La Suède s'apprête à durcir sa législation pénale à l'égard des mineurs, en autorisant l'incarcération de jeunes âgés de 14 à 17 ans. Cette mesure, annoncée par le gouvernement, suscite une vive polémique parmi les défenseurs des droits de l'enfant, qui y voient un recul significatif.
Un projet de loi controversé
Le gouvernement suédois, soutenu par une coalition de droite, a présenté un projet de loi visant à créer des unités fermées pour les mineurs délinquants. Actuellement, les jeunes de moins de 18 ans ne peuvent être placés en détention que dans des centres éducatifs fermés, mais le nouveau texte prévoit des peines d'emprisonnement dans des prisons pour adultes, avec une séparation stricte.
Selon les autorités, cette mesure répond à une augmentation de la criminalité juvénile, notamment les violences et les trafics de drogue. Le ministre de la Justice a déclaré que la société doit se protéger et que les sanctions doivent être plus dissuasives.
Critiques des organisations de défense des droits
L'UNICEF et d'autres ONG dénoncent une violation de la Convention internationale des droits de l'enfant, que la Suède a ratifiée. Elles rappellent que l'incarcération des mineurs a des effets néfastes sur leur développement psychologique et leur réinsertion.
Des psychologues et éducateurs alertent sur le risque de stigmatisation et de récidive. Ils préconisent des mesures éducatives et de prévention plutôt que répressives.
Une opposition politique
Les partis de gauche et les Verts s'opposent fermement au projet. Ils estiment que la prison n'est pas une solution pour les jeunes et que le gouvernement cède à une logique sécuritaire.
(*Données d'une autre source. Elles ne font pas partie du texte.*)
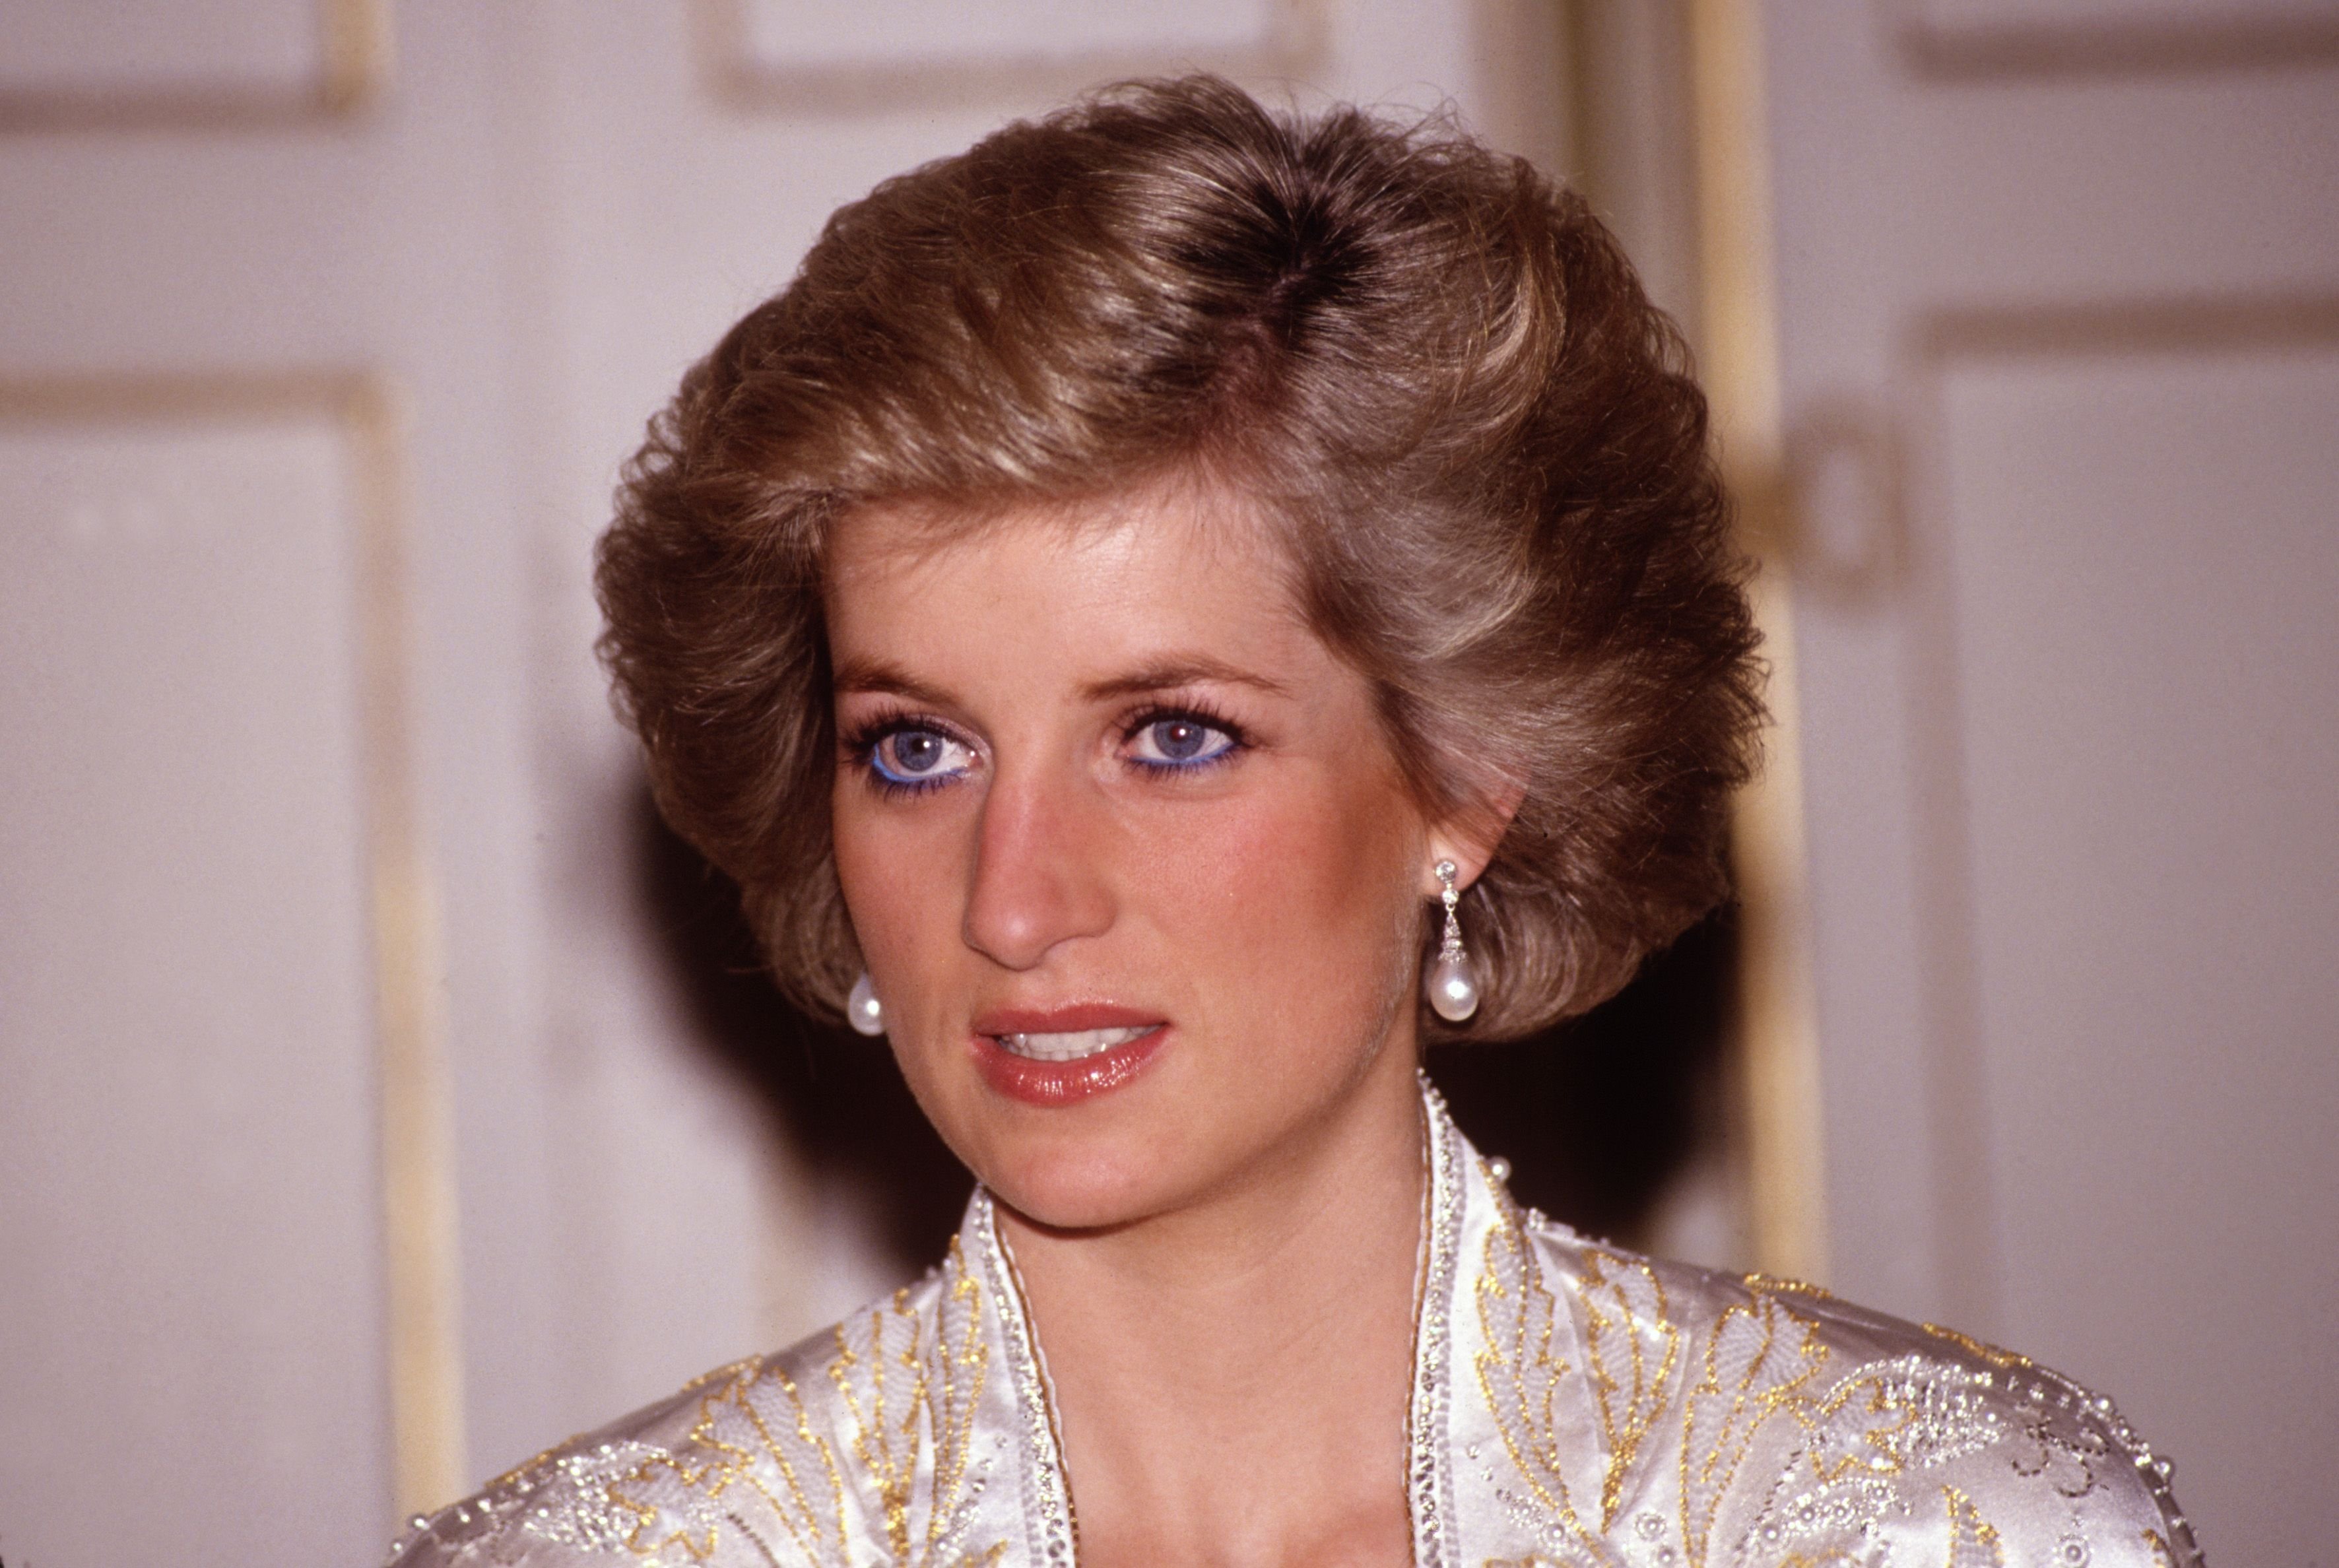 Princess Diana at the Elysee Palace in 1988 in Paris, France | Source: Getty Images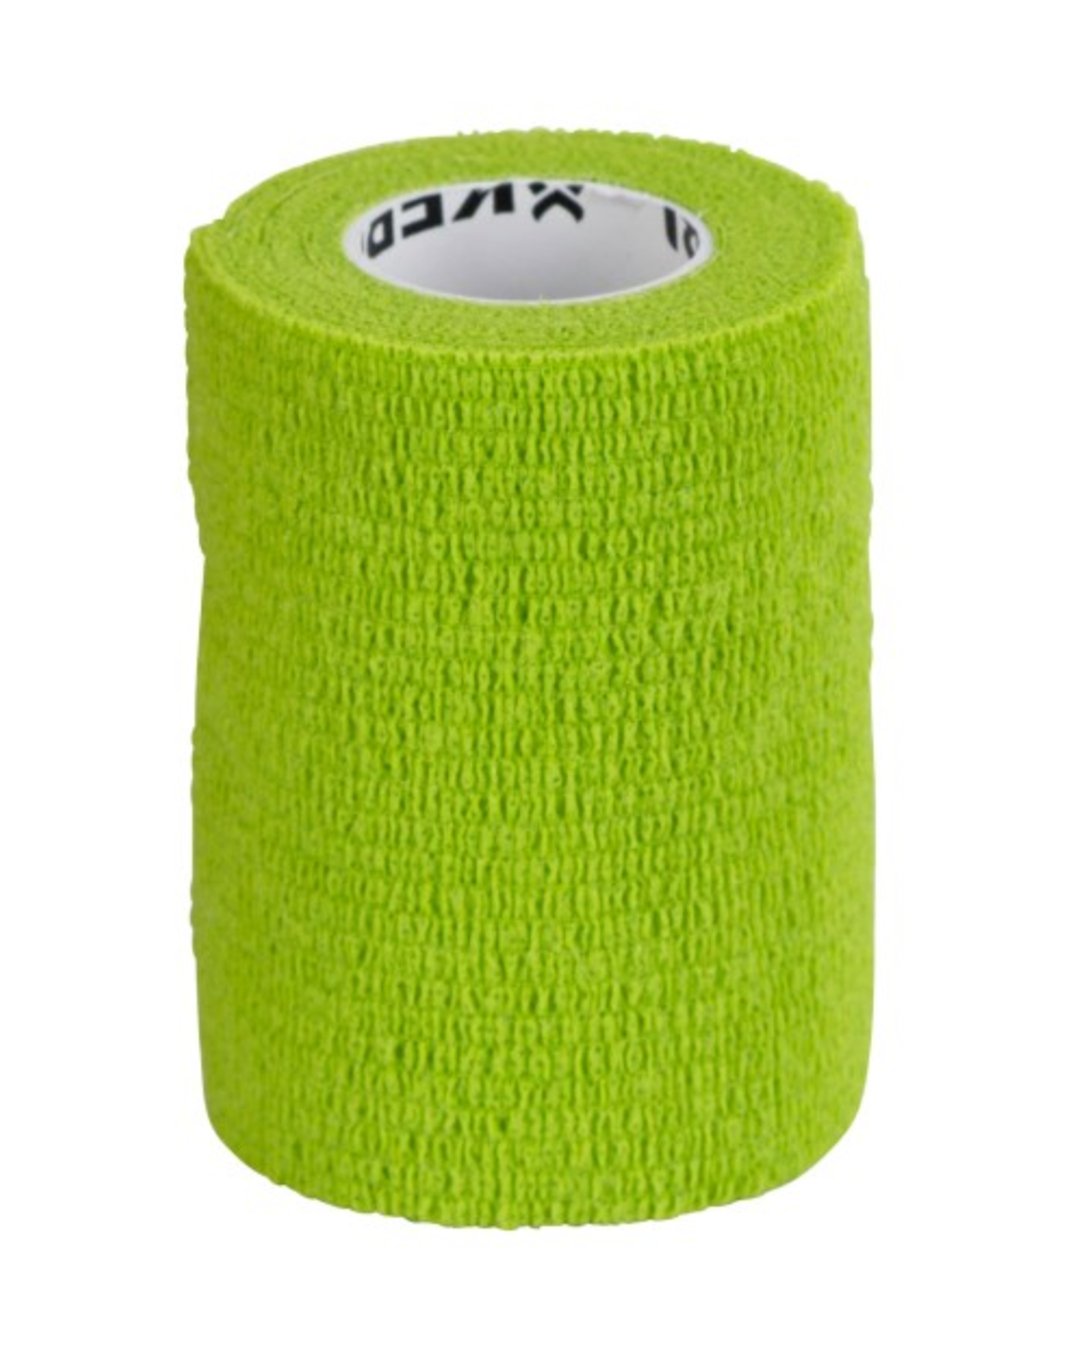 Selbsthaftende Bandage EquiLastic

Des manifestations ont eu lieu dans plusieurs villes suédoises.
Le débat est vif : certains citoyens soutiennent la mesure, estimant qu'elle est nécessaire face à l'insécurité, tandis que d'autres y voient une atteinte aux valeurs humanistes du pays.
Le texte doit être examiné par le Parlement dans les prochains mois. S'il est adopté, la Suède rejoindrait une minorité de pays européens autorisant l'incarcération des mineurs de moins de 16 ans.